In yet another aspect, a method of determining nominal population metrics using a computing device comprises generating a first matrix comprising a first identification column identifying a first set of entities, a second identification column identifying a second set of entities and a difference measure column containing a difference amount between a first entity identified in the first identification column and a second entity identified in the second identification column, generating a second matrix comprising an attribute pair column containing a set of attribute pairs and a coverage column containing coverage data based on similarities of the attribute pairs in the attribute pair column, generating a third matrix comprising the attribute pair column containing the set of attribute pairs and an inverse coverage column containing inverse coverage data based on the coverage data and storing the third matrix in a memory of the computing device. The inverse coverage data is the result of the coverage data subtracted from 100%. The set of attribute pairs is related to at least one of race, gender, major, extra curricular activity, wealth, nationality and country of origin. The first set of entities and the second set of entities are selected from the group consisting of admissions applications, job applications and scholarships. The computing device is selected from the group consisting of a personal computer, a laptop computer, a computer workstation, a server, a mainframe computer, a handheld computer, a personal digital assistant, a cellular/mobile telephone, a smart appliance and a gaming console.
In another aspect, a method of determining nominal population metrics using a computing device comprises generating a matrix comprising an attribute column containing a plurality of attributes and a distribution column containing distribution percentages of the plurality of attributes, computing a nominal difference utilizing the distribution percentages of the plurality of attributes from the distribution column and storing the nominal difference in a memory in the computing device.

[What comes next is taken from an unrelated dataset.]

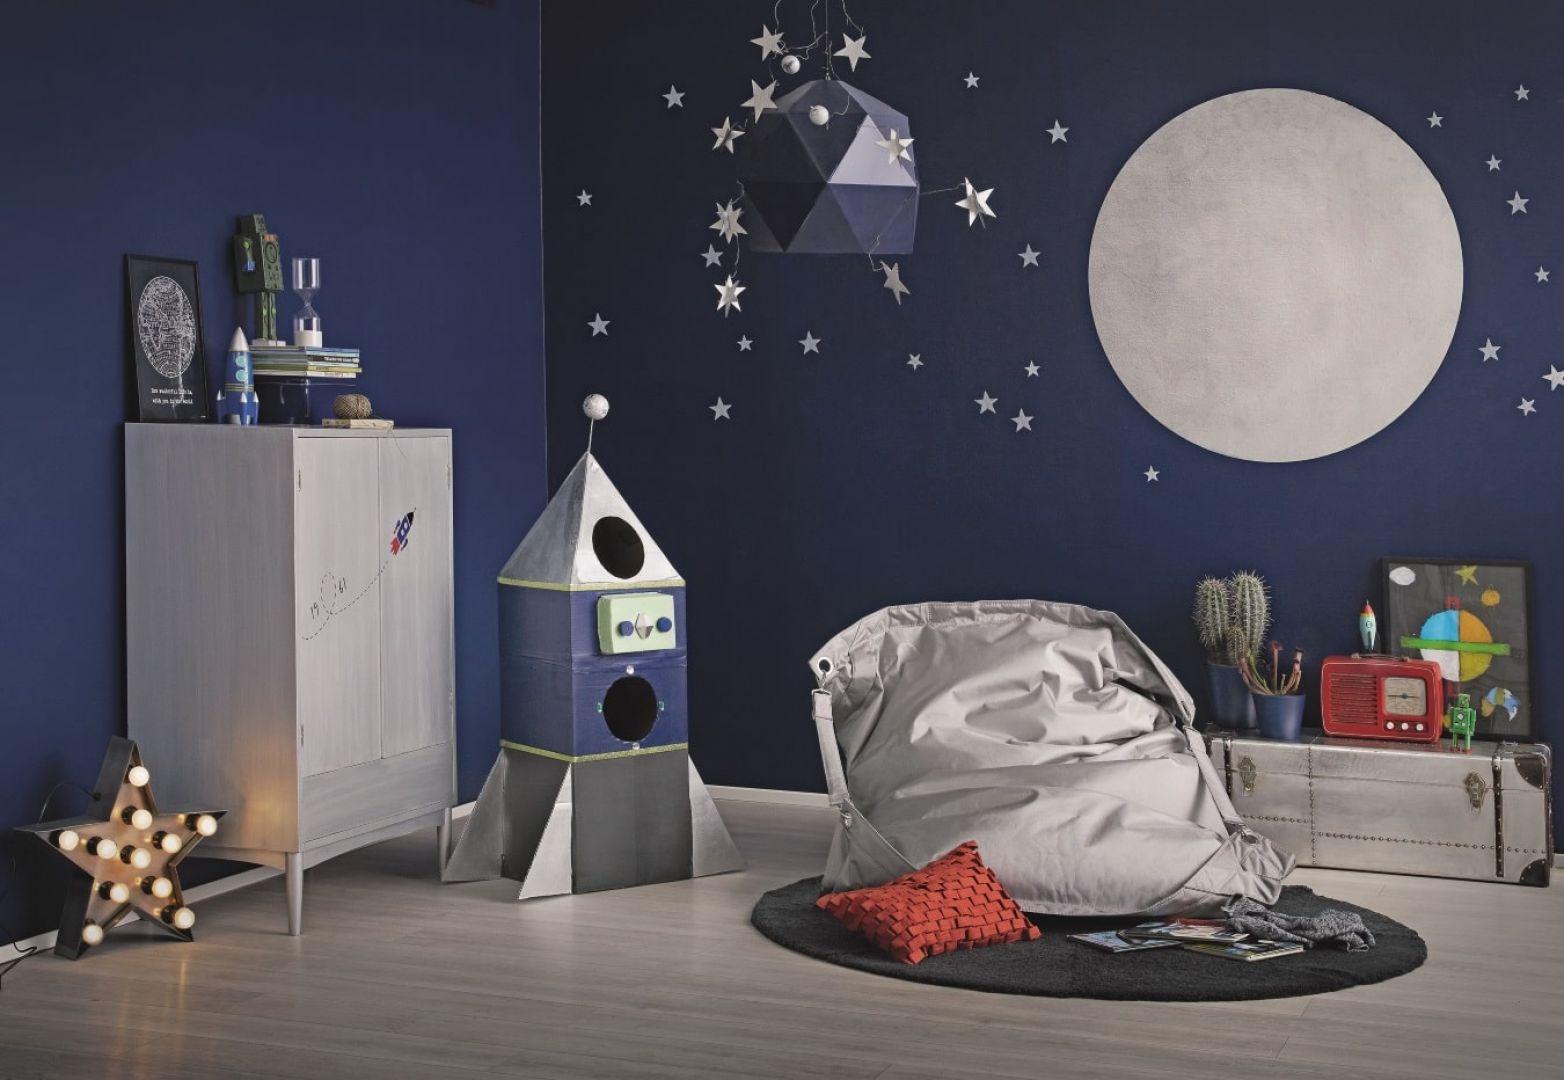 Farby z serii Tikkurila Kids Style przeniosą młodych domowników wprost do krainy fantazji. Fot. Tikkurila

In yet another aspect, a computing device comprises a processor, a memory coupled to the processor and an application stored in the memory and processed by the processor, the application for comparing one or more attributes from a plurality of entities to obtain a difference measure and determining a coverage percentage for attribute pairs based on the one or more attributes. The coverage percentage is determined by the occurrence frequency of the attribute pairs. The application further determines an inverse coverage percentage from the coverage percentage by subtracting the coverage percentage from 100%.
In another aspect, an apparatus comprises a processing component, a memory component coupled to the processing component and an application component stored in the memory component and processed by the processing component, the application component for comparing one or more attributes from a plurality of entities to obtain a difference measure and determining a coverage percentage for attribute pairs based on the one or more attributes.
In most clustering or data mining applications, nominal attributes are assigned a value that allows them to be compared. This is common practice and requires some analysis of the nominal attributes to determine the value system. Nominal attributes are those that do not have numerical values; therefore, measuring the similarity or difference between nominal attribute values is very difficult. Race, gender, major, extra curricular activity, wealth, nationality and country of origin are just a few examples. In order to provide an accurate measure for comparing nominal attributes, the Nominal Population Metric (NPM) is able to be used. The NPM is able to be used for analyzing a variety of entities such as admissions applications, job applications, scholarships and more.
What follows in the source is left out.